Вдоль шоссе пошли уже не перелески, а настоящие леса, матёрые, заповедные, отчего и воздух стал приятнее для дыхания, свежим как ключевая вода, хотя, может, это и от того, что машин стало заметно меньше, и солнце не палило так отчаянно - небо затянула пелена облаков, а когда подъезжали к повороту на ярославку, грянула даже небольшая гроза, но быстро, после двух-трёх громов и молний, дело закончилась. А вскоре уже въезжали мы в Загорск, не встретив на пути никаких гор.
Оказался Загорск заурядным депрессивным провинциальным городком: старые неопрятные покосившиеся здания, полу-кирпичные полу-деревянные, пыль, запустение и беспорядок - типичный развитой социализм, и я начал было думать, что ничего мы здесь не найдём интересного, что надо, не останавливаясь, двигать дальше до Ростова. Начал - да не кончил, потому как увидел её, колокольню то есть. Ну колокольня и колокольня, чего такого, но невозможно было отвести от этой глаз: всем бирюзовым ажурным телом своим устремлялась она в очистившееся после грозы небо на небывалую высоту, а позолоченная её странного, невиданного кроя вершина мягко светила, будто второе солнце, наполняя пространство вокруг гармонией и покоем, распахивая над неказистым серым городком золотое волшебное покрывало. Мы двигались к ней как корабль на маяк и остановились наконец, упёршись в грубые массивные белые стены монастыря. На большой площади перед воротами сновали люди, стояли машины - но немного, было обычно, не прибрано, буднично. Мы потянулись, размяли уставшие от долгого сиденья члены - и прошли внутрь, благо вход был бесплатным.
Вошли - и растерялись, оттого, что не поняли, куда попали. Внутри оказался какой-то другой мир и другие люди, занятые и обеспокоенные совсем иным, чем там, за стенами монастыря.

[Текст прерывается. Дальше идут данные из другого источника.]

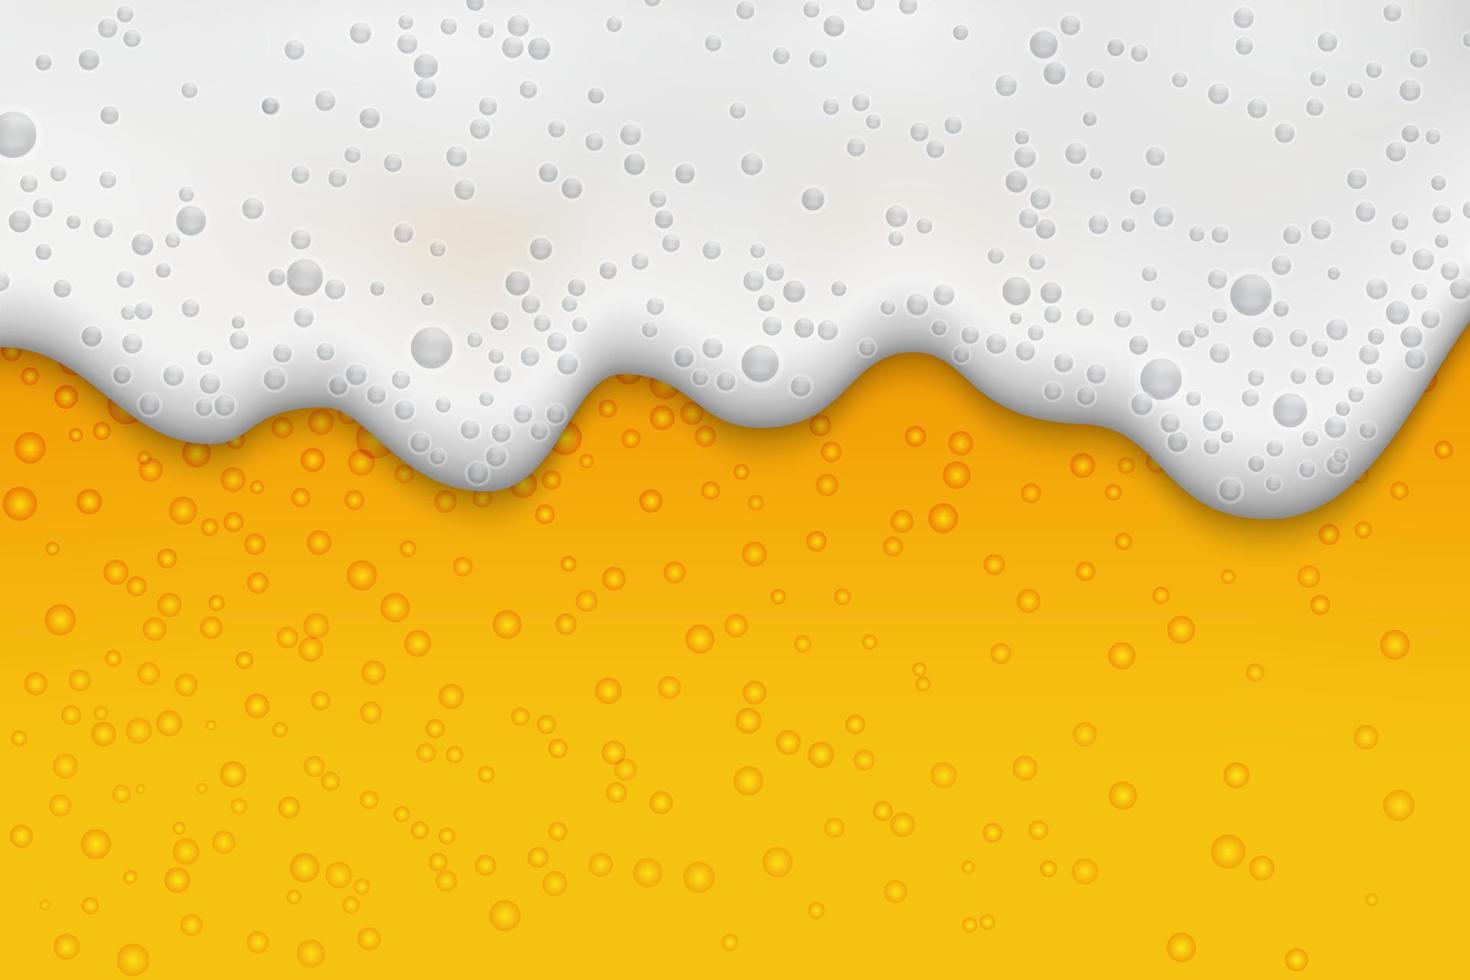 lager bier achtergrond met schuim en bubbels vector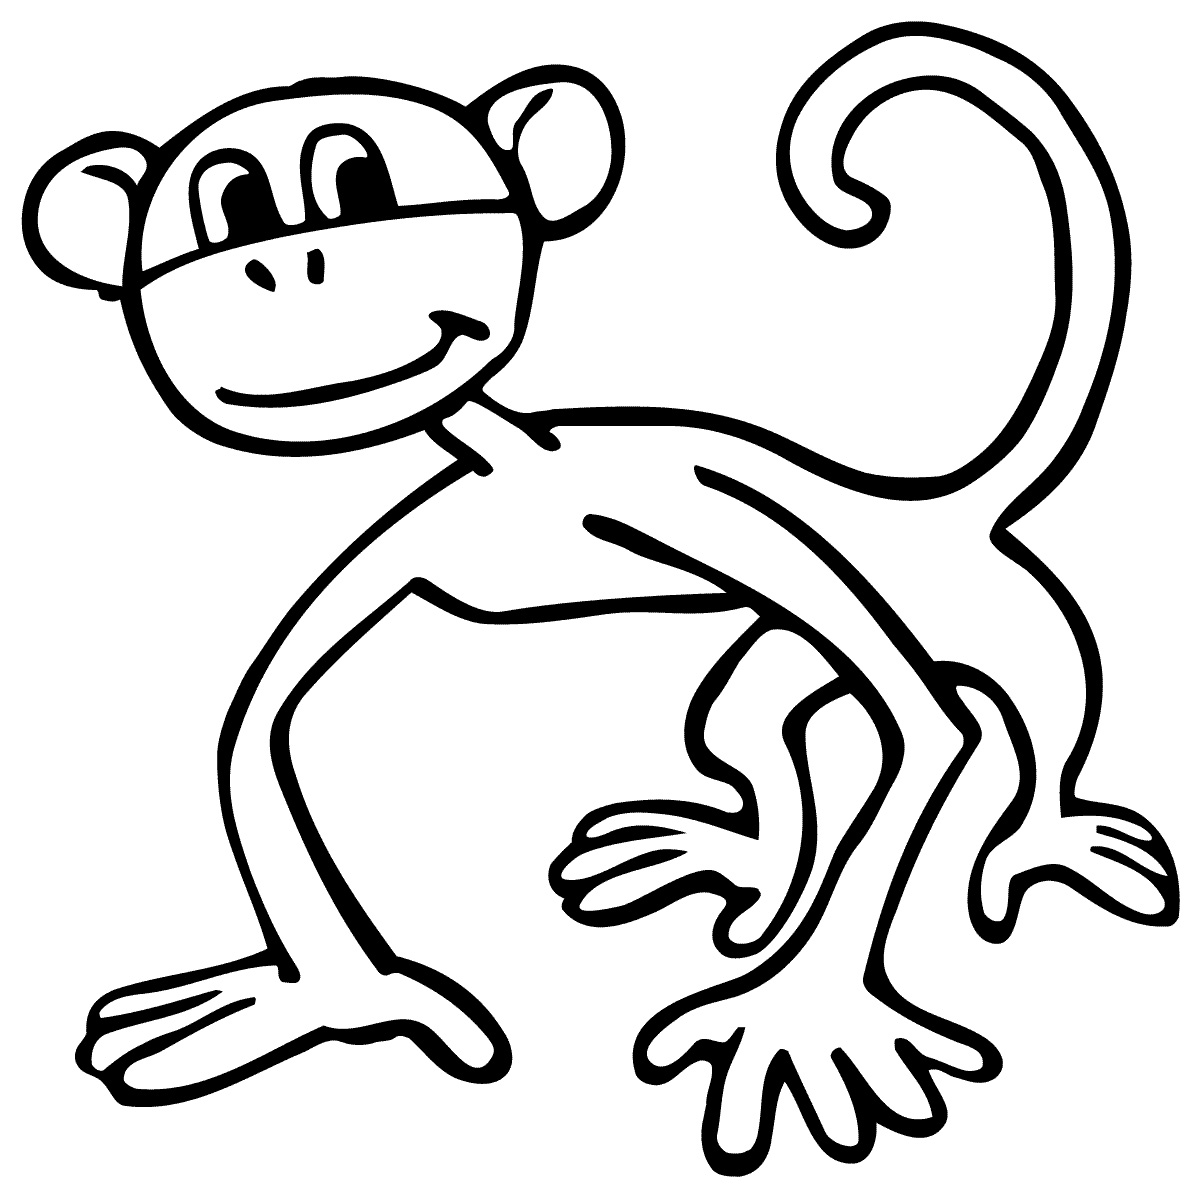 Cartoon Monkey Drawings - ClipArt Best

На небольшой территории тесно стояло множество непохожих - категорически не похожих! - друг на друга церквей, но это почему-то не раздражало и не резало глаз; у здешних зданий отсутствовал обычный порядок и ранжир, но тут по причине их отсутствия возникало ощущение единства и слаженности, какое проявляется иногда в разношёрстой компании равных людей. Сами же люди вели себя здесь не так как везде, по-особенному, бродили, погружённые в себя, а некоторые вообще стояли у церковных стен, прикоснувшись к ним руками или прижавшись лицом, отчего церкви казались большими добрыми живыми существами; кто-то же стоял на коленях, долго, очень долго и неподвижно, но и это здесь не воспринималось почему-то как показуха, не напрягало, а напоминало об утопающих, хватающихся за соломинку, или уезжающих навсегда в неизвестность без надежды на возвращение. У одного из храмов я заметил женщину, которая выглядела настоящей дореволюционной богомолкой, паломником, пилигримом: с котомкой на суковатой палке, с головой, плотно обвязанной платком, из-под которого сияло загорелое морщинистое лицо, в длинной юбке, доходившей почти до земли; эта женщина казалась бы смешной и фальшивой на городской улице, а здесь была органична и естественна, как одуванчик на лугу. Иногда мы встречали группы попов в рясах, стоявших по двое, по трое, а то и в большем количестве, разговаривающих, порой спорящих друг с другом - типа ведущих религиозный диспут. Зайдя в одну маленькую, какую-то игрушечную церквушку, мы увидели череду молодых людей в особых облачениях, ризах, что ли, которые по очереди целовали большую икону и произносили жалобными голосами трогательные слова.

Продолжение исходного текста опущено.